Workers are close to restoring power to cooling systems at a quake-hit Japanese nuclear power plant, officials say.
Engineers connected a cable through which they hope to supply electricity to part of the Fukushima Daiichi plant.
The earthquake and tsunami it triggered crippled the plant's cooling systems, and some radiation has leaked.
Food products from the Fukushima prefecture now have been banned from sale after radioactive contamination was found in milk and spinach.
Japanese authorities confirmed the presence of radioactive iodine in the products, tested between 16 and 18 March, and said it could be harmful to human health if ingested.
International nuclear experts at the IAEA say that, although radioactive iodine has a short half-life of about eight days, there is a short-term risk to human health if it is ingested, and it can cause damage to the thyroid.
Traces of radioactive iodine have also been found in tapwater in Tokyo and five other prefectures, officials said on Saturday.
The traces are within government safety limits, but usual tests show no iodine, the AP news agency reported.
The earthquake and tsunami which struck on 11 March are known to have killed more than 7,300 people, while 11,000 more remain missing.
The authorities have begun building temporary homes for some of the hundreds of thousands of people still sheltering at emergency evacuation centres.
Many survivors have been enduring freezing temperatures without water, electricity, fuel or enough food.

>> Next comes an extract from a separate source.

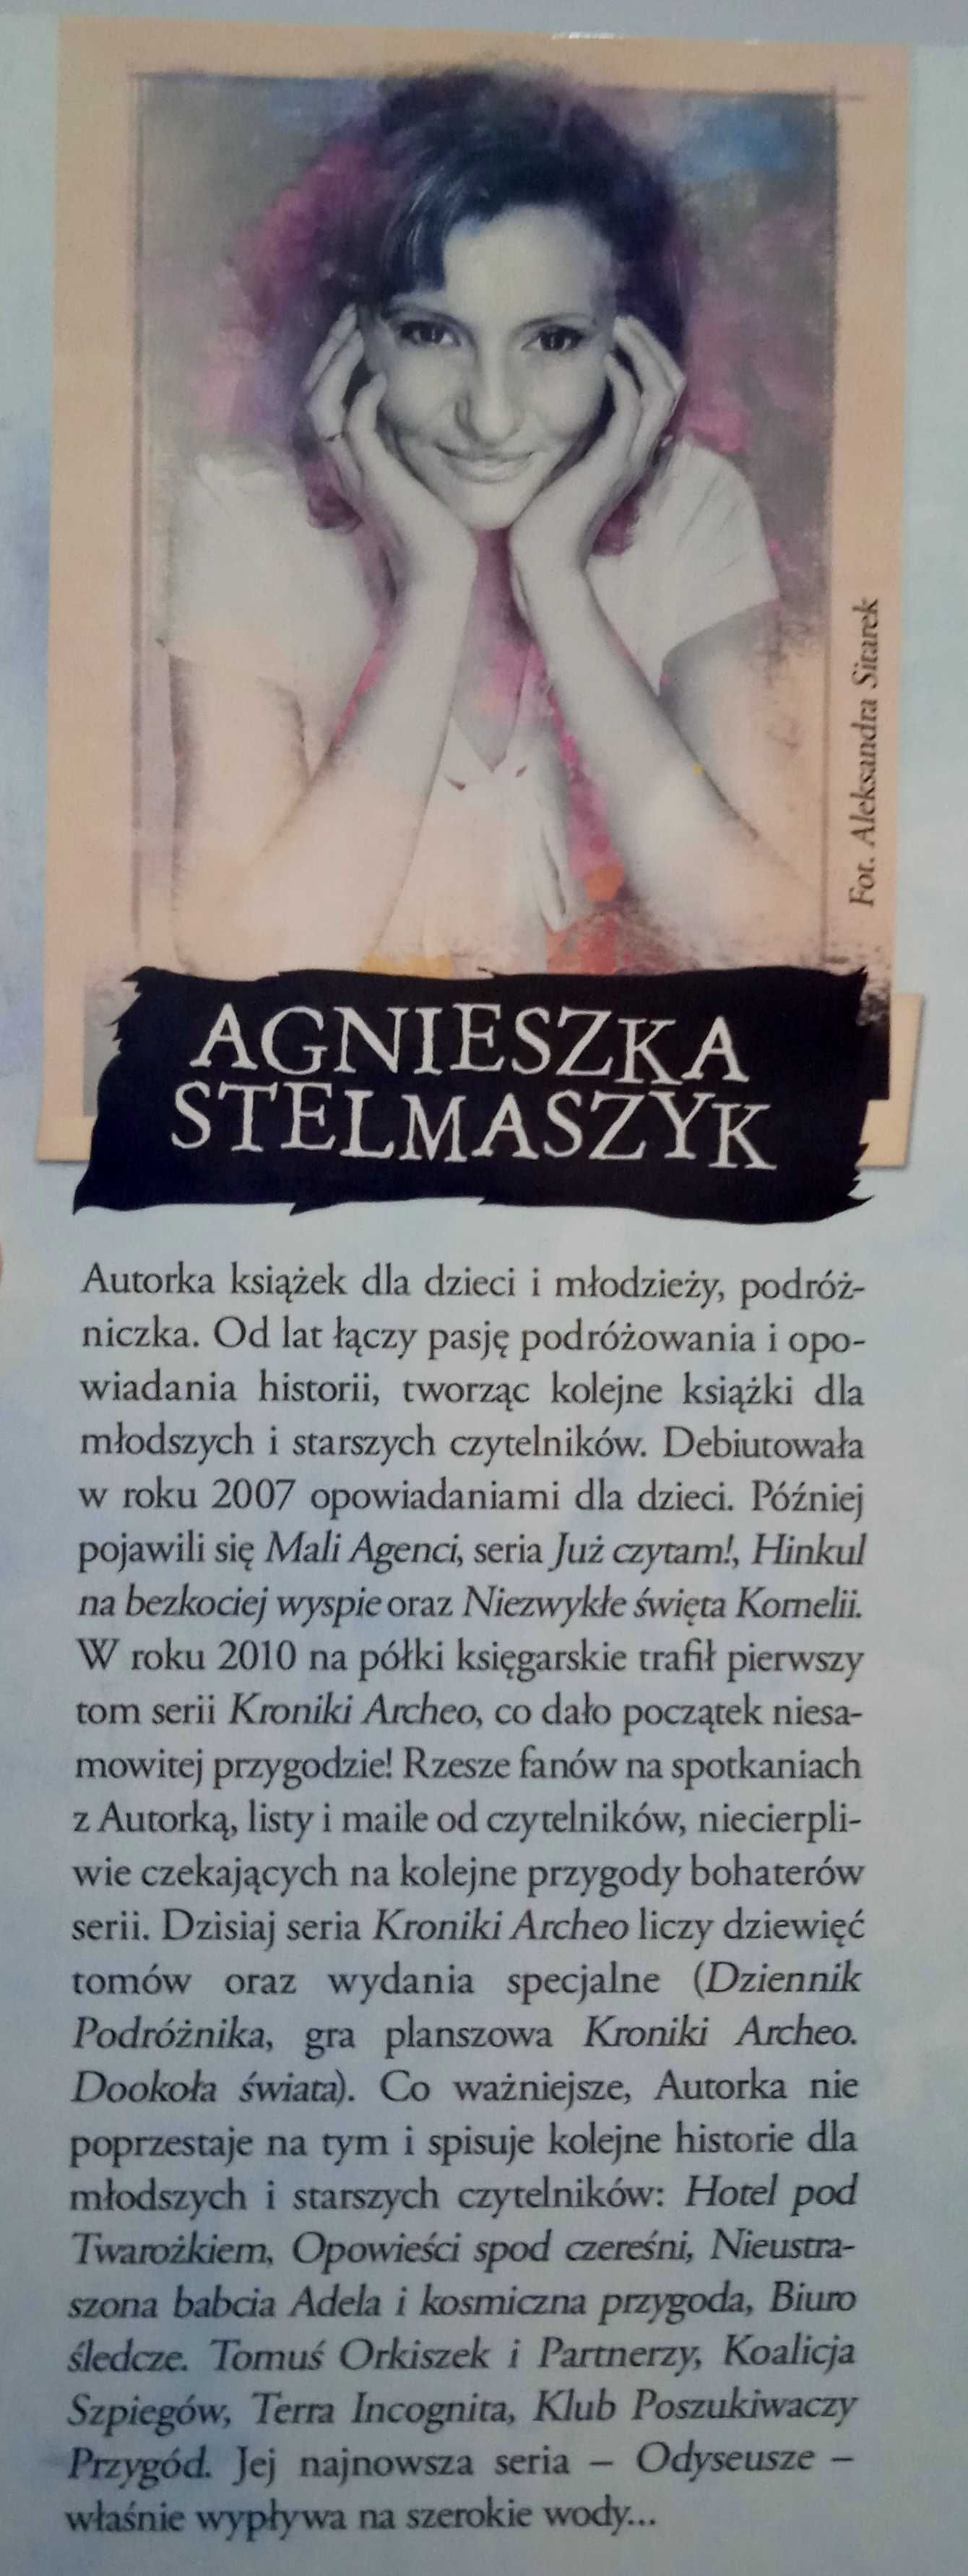 książka "Odyseusze. Gwiazda morza" Agnieszka Stelmaszyk

Japan has been shaken by scores of tremors since 11 March - one of magnitude 6.1 hit the Ibaraki area south of Fukushima on Saturday. There were no immediate reports of any damage.
At the stricken plant, firefighters have continued to spray water at the dangerously overheated fuel rods, in a desperate attempt to avert a meltdown.
Engineers hope that restoring power will allow them to restart pumps to continue the cooling process.
Japan's nuclear safety agency earlier hoped that electricity would be restored on Saturday but later revised its projection.
"If no problem is found at the facility today, the power will resume as early as tomorrow [Sunday], " agency spokesman Fumiaki Hayakawa is quoted by the AFP news agency as saying.
However, an official from the power company which runs the plant told AFP: "Although we are doing our best, unfortunately we cannot say when electricity will be restored."
Given the scale of the damage, it is not certain the cooling systems will work even if power is restored. Workers are also boring holes in roofs at the plant to prevent a potential gas explosion.
On Friday officials raised the alert level at the plant from four to five on a seven-point international scale of atomic incidents.
The crisis, previously rated as a local problem, is now regarded as having "wider consequences".
Radiation levels have risen in the capital Tokyo, 240km (150 miles) to the south, but officials say the amounts found are not harmful.
Meanwhile, reports that a young man had been found in a wrecked house eight days on from the quake have proved false, after it emerged that he had in fact returned to his ruined home from an evacuation centre.
Katsuharu Moriya, a man in his 20s, was found on Saturday by emergency workers in the city of Kesennuma, in Miyagi prefecture - one of the hardest-hit regions.
Millions of people have been affected by the 9.0-magnitude quake and tsunami; about 400,000 people are homeless.
The government has now conceded it was too slow in dealing with the nuclear crisis.
Chief Cabinet Secretary Yukio Edano accepted that "in hindsight, we could have moved a little quicker in assessing the situation and co-ordinating all that information and provided it faster".
Prime Minister Naoto Kan has sought to form a crisis cabinet to tackle reconstruction, but the leader of Japan's conservative opposition rejected an offer to join a grand coalition.